По итогам прошедших в стране выборов Реджеп Эрдоган получил суперполномочия, что позволяет говорить о нем как о де-факто новом султане. Впрочем, на одновременно прошедших парламентских выборах «султанская» партия потеряла некоторое количество мест по сравнению предыдущим составом. Достаточно много голосов набрал и соперник и, в целом, победа еще не обещает внутриполитической стабильности в ближайшее время
Снова выиграл
24 июня в Турции прошли судьбоносные для страны досрочные президентские и парламентские выборы. Судьбоносные потому, что победитель на них в прямом смысле получал все – после их проведения вступали в силу конституционные поправки, превращающие страну из парламентской республики в суперпрезидентскую систему.

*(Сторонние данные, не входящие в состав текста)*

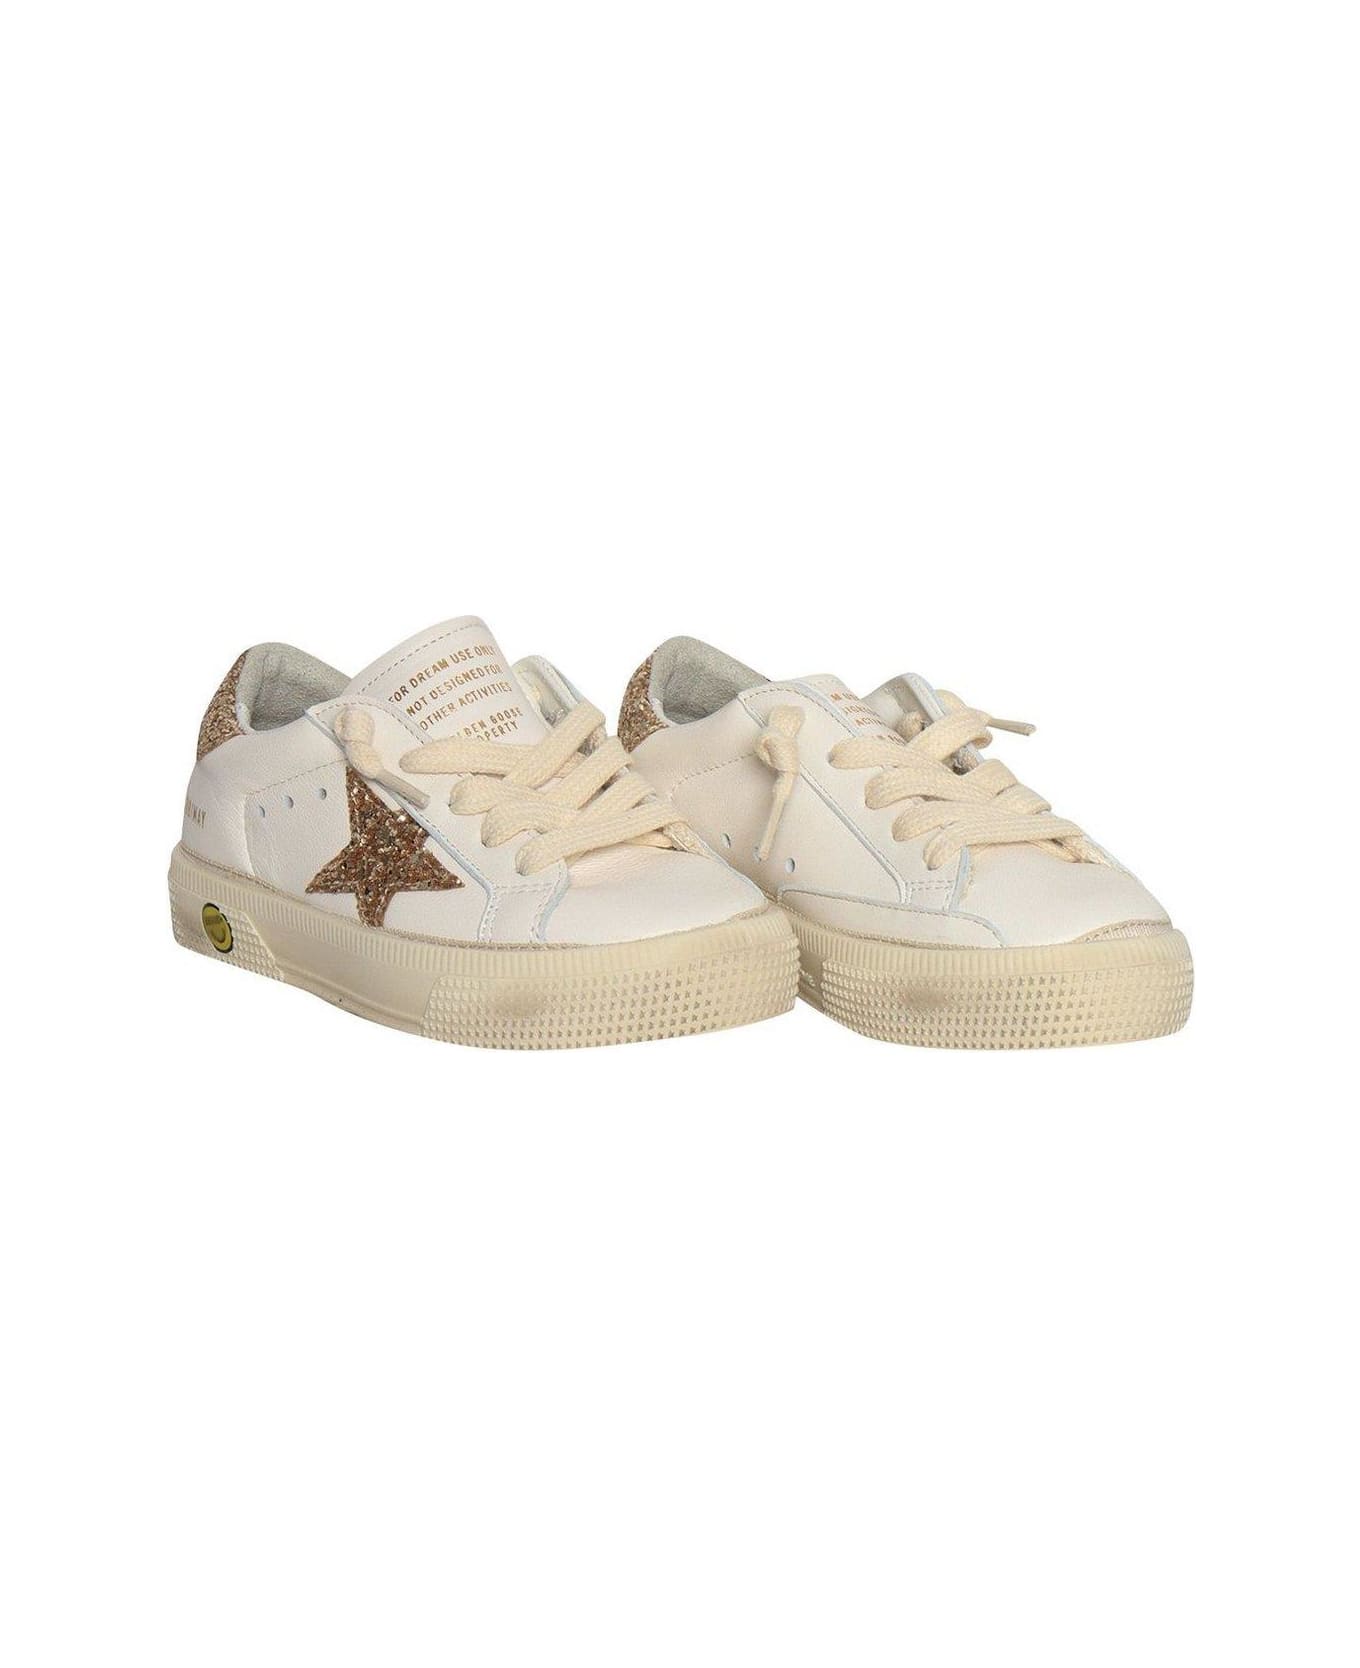 Golden Goose May Star Distressed Low-top Sneakers - White Gold

Можно сказать даже — в своего рода неосултанат. Султанатом Османская империя, ядро которой составляла была современная Турция, была до 1922. Впрочем, чтобы заслужить этот титул, правителю мало быть авторитарным, надо еще основать династию и строже придерживаться исламской теории государственного строительства. Но такой признак, как почти единоличное властвование, у нового «султана» Реджепа Эрдогана почти налицо, хотя он и получил на выборах не так уж много, 52,5%. Но главное, то есть победу в первом туре, эти проценты обеспечивают.
Ближайший преследователь – Мухаррем Индже из Республиканской партии (основной светской оппозиционной силы, выступающей за парламентаризм и прозападный курс) взял лишь 30,6% голосов. Несмотря на все ораторские способности и популистские навыки, а также заигрывания с умеренно-исламистским электоратом, ему так и не удалось переманить на свою сторону эрдогановских сторонников. Индже смог заручиться большинством лишь в традиционно прореспубликанских западных приморских провинциях, тогда как почти вся остальная Турция (за исключением, естественно, курдских регионов) осталась за Эрдоганом.

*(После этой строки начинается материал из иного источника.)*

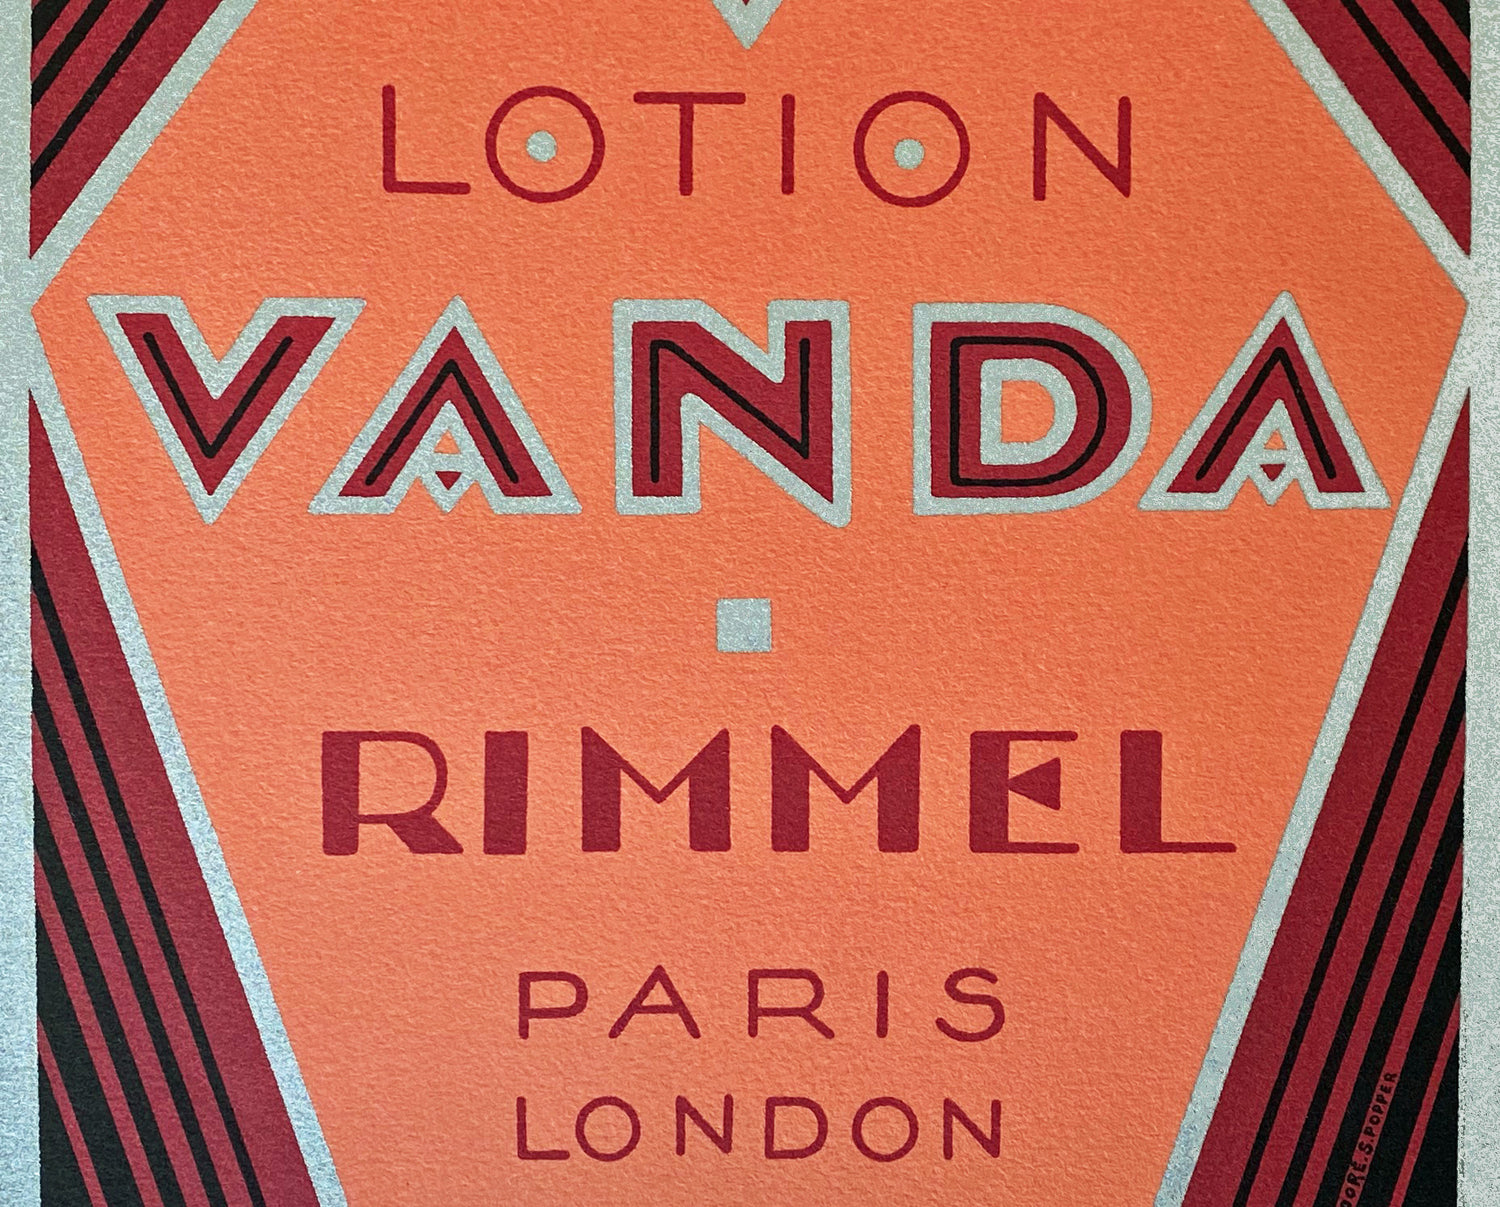 Rimmel Lotion Vanda RE Society Hand Pulled Lithograph Print Hand Signed and Numbered

На парламентских же выборах победу, пусть и менее убедительную, тоже одержала эрдогановская Партия Справедливости и развития (ПСР). Да, набрав лишь 42,5% голосов она лишилась большинства в Великой Национальной Ассамблее (теперь у нее 293 мандата из 600, что на 23 места меньше, чем по итогам прошлых выборов – и это даже с учетом того, что общее число депутатов в парламенте прошлого созыва было 550), однако на этих выборах она шла в союзе с Партией националистического движения, которую возглавляет Девлет Бахчели. Националисты получили 11,9% голосов и 50 мандатов, что в нынешней конфигурации «достаточно для сохранения устойчивого большинства в парламенте, — поясняет «Эксперт Online» доцент Дипломатической Академии, директор Центра востоковедных исследований Владимир Аватков. – Маловероятно, что сейчас националисты отойдут от ПСР и присоединятся к оппозиции, или же будут проводить решения, не согласованные с Эрдоганом и ПСР. К тому же с учетом перехода к суперпрезидентской форме правления президенту не критично отсутствие в парламенте абсолютного большинства». Вопрос теперь в том, признают ли этот переход?
Не признали
Сам президент назвал итоги выборов «демократической революцией» и настоятельно посоветовал противникам не оспаривать ее результаты. «Всю напряженность, которая была во время предвыборной кампании, нужно оставить и с решимостью продолжать идти вперед. Надеюсь, что никто не будет бросать тень на нашу избирательную систему и наносить ущерб ей ради того, чтобы скрыть свою неудачу», — заявил Эрдоган. И лидеры оппозиции этот призыв услышали. Да, они назвали выборы несправедливыми. Да, республиканцы обвинили государственное новостное агентство Anadolu в манипуляции данными о предварительных итогах голосования. Однако итоги выборов Индже в конечном счете признал.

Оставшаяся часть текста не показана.